International team finds INNULS tool overcomes STR limitations for degraded samples
February 6, 2018
DNA forensics labs have long struggled to analyze highly compromised evidence using short tandem repeat (STR) loci. Retrotransposable element insertion polymorphisms, or INNULs, have shown promise as an alternative for these specific sample types. But INNULs analysis raised its own challenges that, until now, prevented its application as a multiplexed marker system.
A new study by an independent research team shows that labs can move forward with confidence, even on highly degraded samples, with a commercially available INNULs tool. The study, published in the January 2018 issue of The International Journal of Legal Medicine, corroborated the INNULs-based InnoTyper® 21 system as “a useful complement to standard STR kits.”
STR analysis is well-established as a useful approach to comparing sequences in forensic biological evidence. Its shortcomings, however, stem from STRs’ large amplicon size. This makes the loci a poor tool for analyzing DNA samples with significant degradation or a low copy number. In addition, STRs’ high mutation rates make kinship tests a poor application.
Mitochondrial DNA (mtDNA) sequencing is currently the standard for degraded samples such as old human remains and hair shafts. But mtDNA’s low discrimination power and high labor intensity renders it less than ideal for sequencing. Plus, mtDNA analysis requires a specialized workflow, and it can’t differentiate offspring of the same maternal lineage.
A third solution, INNULs-based sequencing, has long held promise. The INNULs polymorphisms are non-coding, repetitive genomic sequences. They are comprised of long interspersed nuclear elements averaging 1 kb in length and short interspersed nuclear elements (SINEs) at 100-300 bp.
The significant difference in amplicon length creates a challenge, decreasing efficiency and increasing allele dropout. This challenge has hampered INNULs’ application as biomarkers—until now. The InnoTyper 21 system’s novel “mini-primer” design overcomes the size difference by positioning Alu, a type of SINE, primers at the junction of the insertion site, allowing the kit to detect specific INNUL targets. Furthermore, InnoTyper 21 is significantly less labor-intensive than mtDNA sequencing and does not require a specialized workflow.

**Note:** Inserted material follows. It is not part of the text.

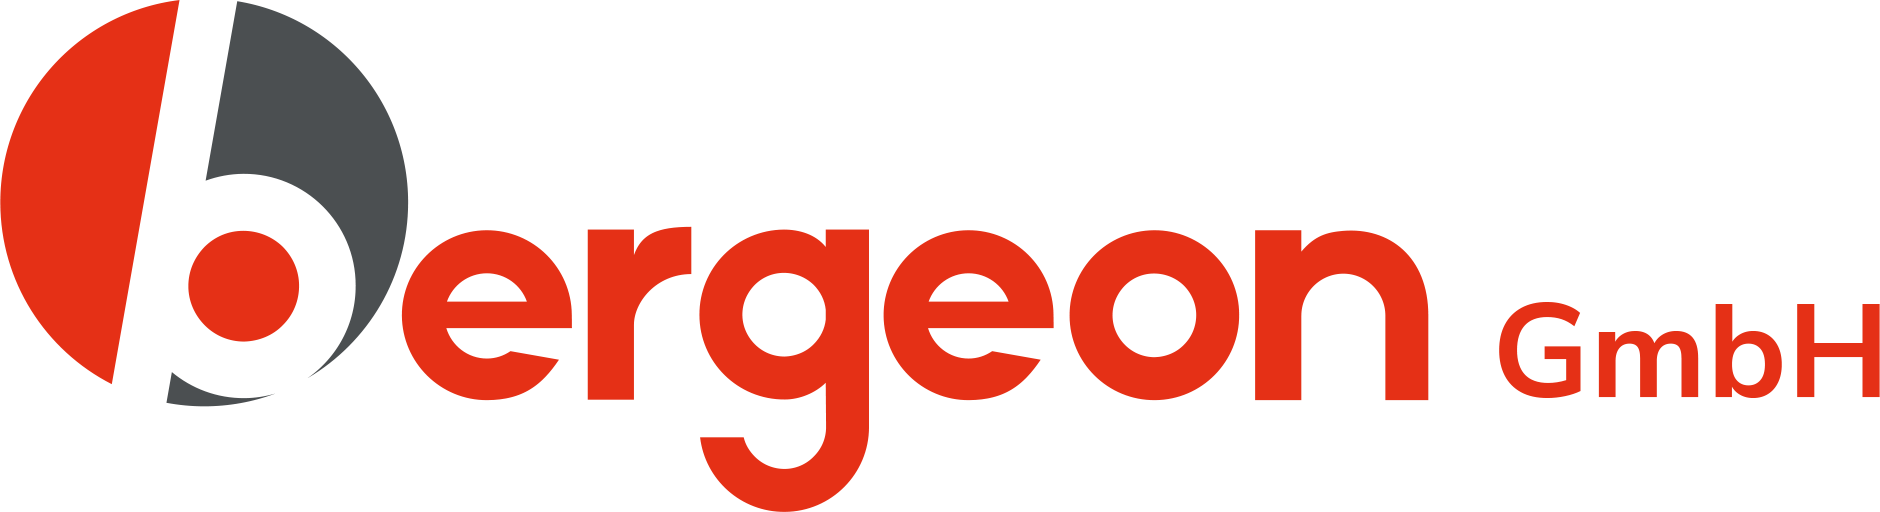 bergeon-logo-dunkel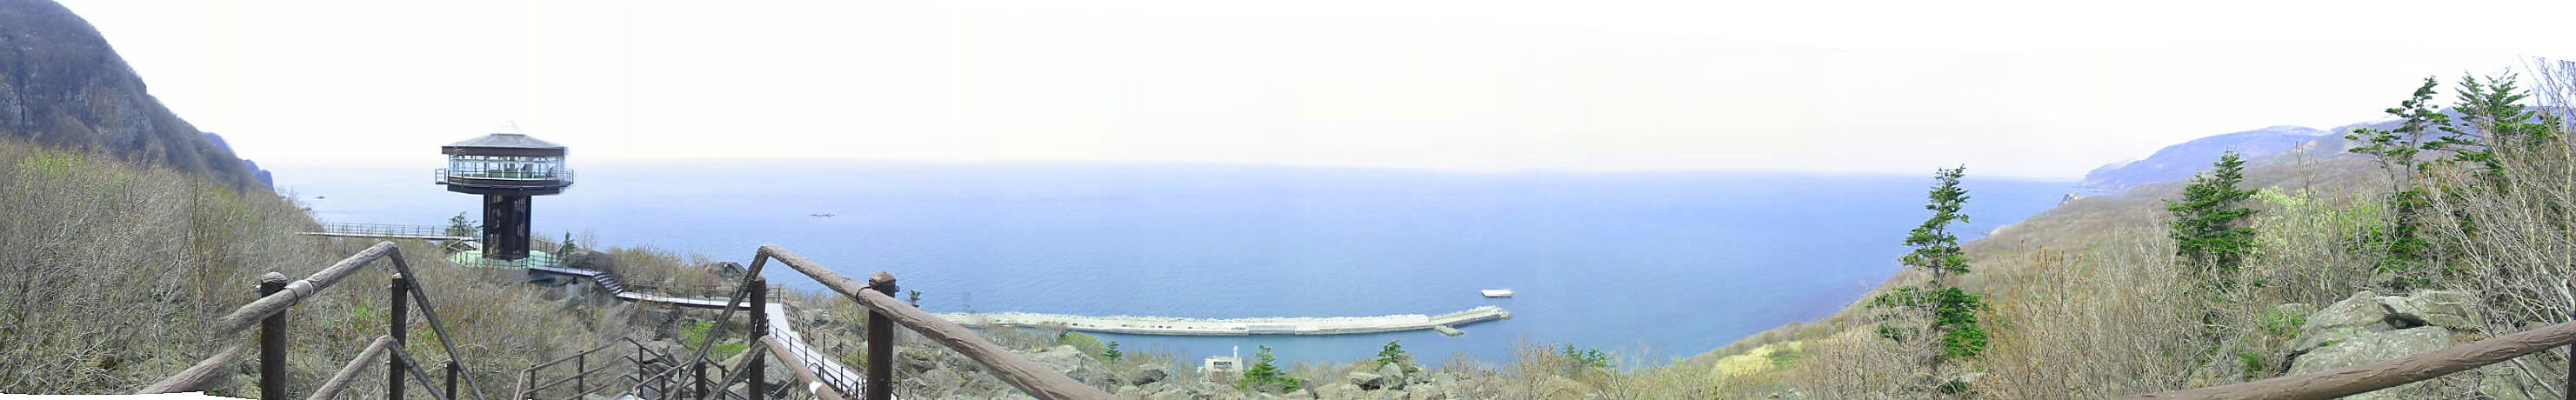 雄冬岬展望台からのパノラマ画像

“This strategy generates small amplicons of almost the same size and can type highly degraded DNA samples,” according to a research team led by R. S. Moura-Neto of Brazil’s Laboratório de Biologia Molecular Forense at the Universidade Federal do Rio de Janeiro. The research team—comprised of DNA forensics experts in Brazil, the U.S., and Saudi Arabia—tested the efficiency of the InnoTyper® 21 markers in a population sample, as well as one highly compromised sample from the Rio de Janeiro police. With InnoTyper 21, the researchers were able to produce a full INNUL profile of even the degraded police evidence.
The study found no significant departures from Hardy-Weinberg equilibrium after the Bonferroni correction (α′ ≈ 0.05/20, p < 0.0025) and no significant linkage disequilibrium between markers. The results showed that InnoTyper 21 is discriminating, and the study corroborated the tool’s suitability for human identification with both distinct ethnic groups and admixed populations.

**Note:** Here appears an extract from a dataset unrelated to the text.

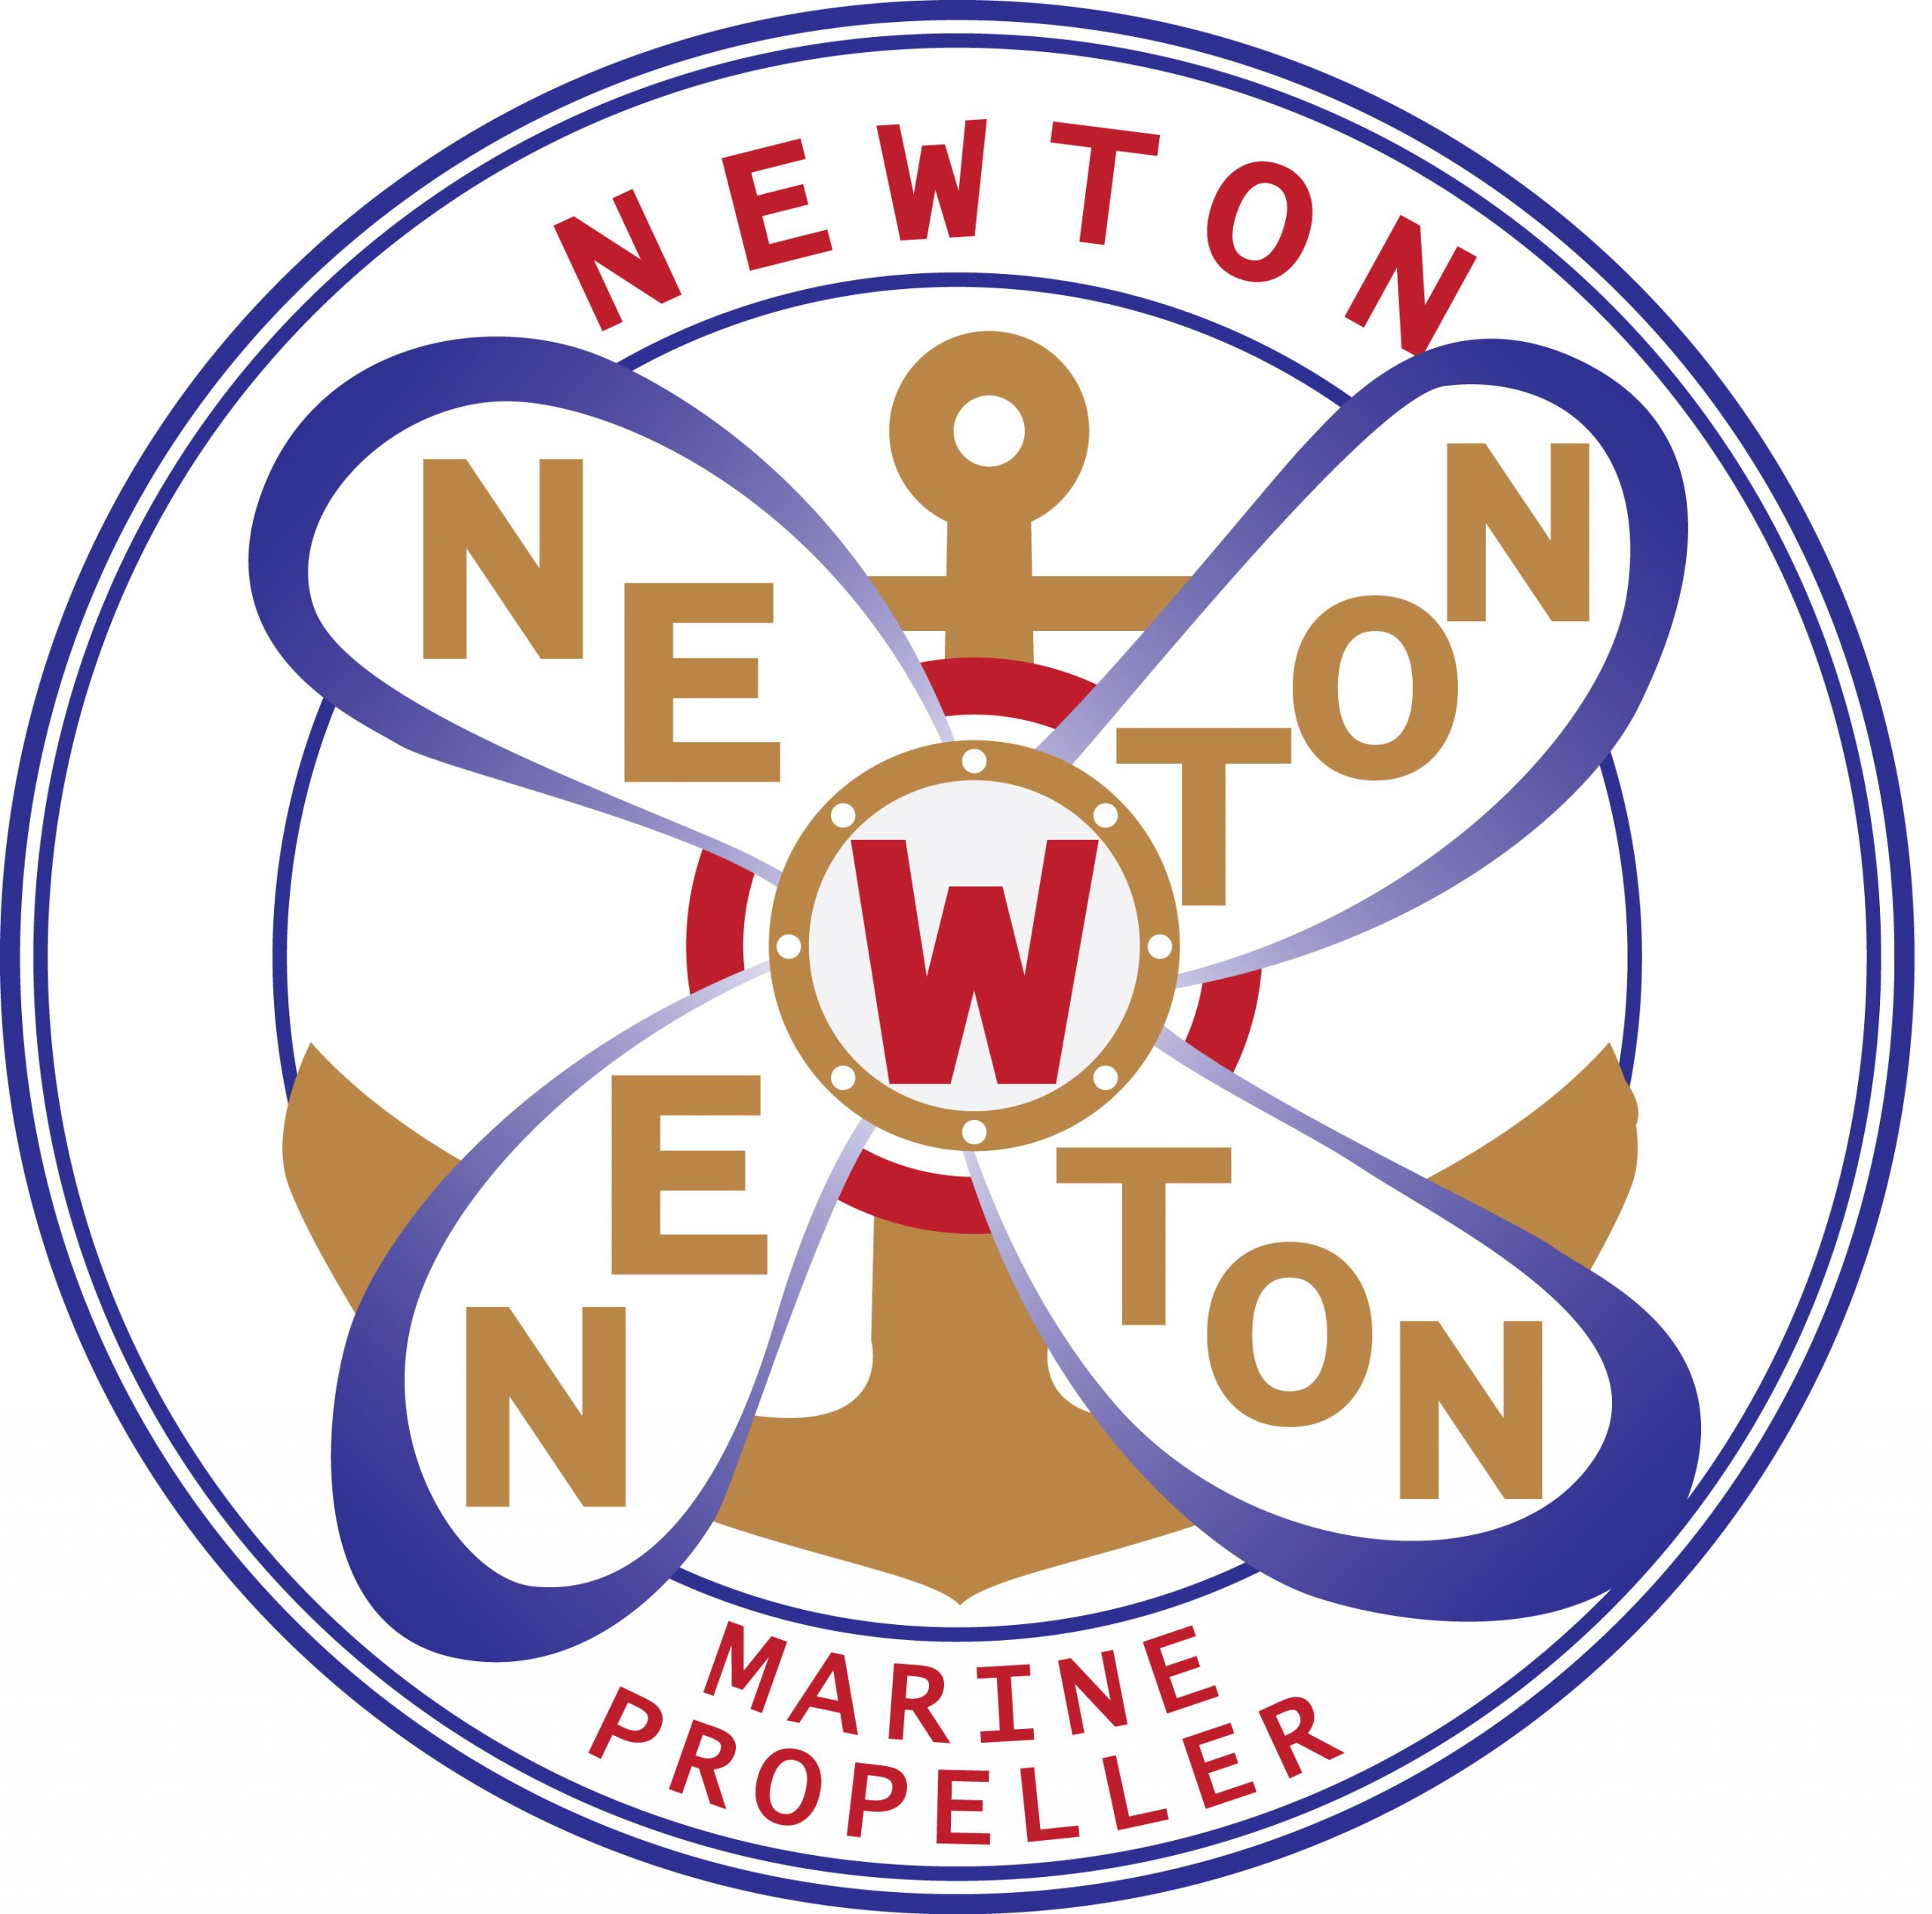 PROPELLER NEWTON

“This outcome indicates that INNULs are a useful set of markers and can complement conventional STRs, especially for challenged biological evidence such as those involving the identification of human remains, hair shafts, paraffin-embedded tissues, and other sample types,” according to the study.
Innotyper 21’s short amplicon size range is the key to its high sensitivity, high tolerance to degradation and inhibition, and high discrimination power. The amplicon size range of the kit’s markers is considerable smaller than commonly used STR kits. This gives InnoTyper 21 an advantage for forensic samples that have been previously untyped, even with mini-STR analysis.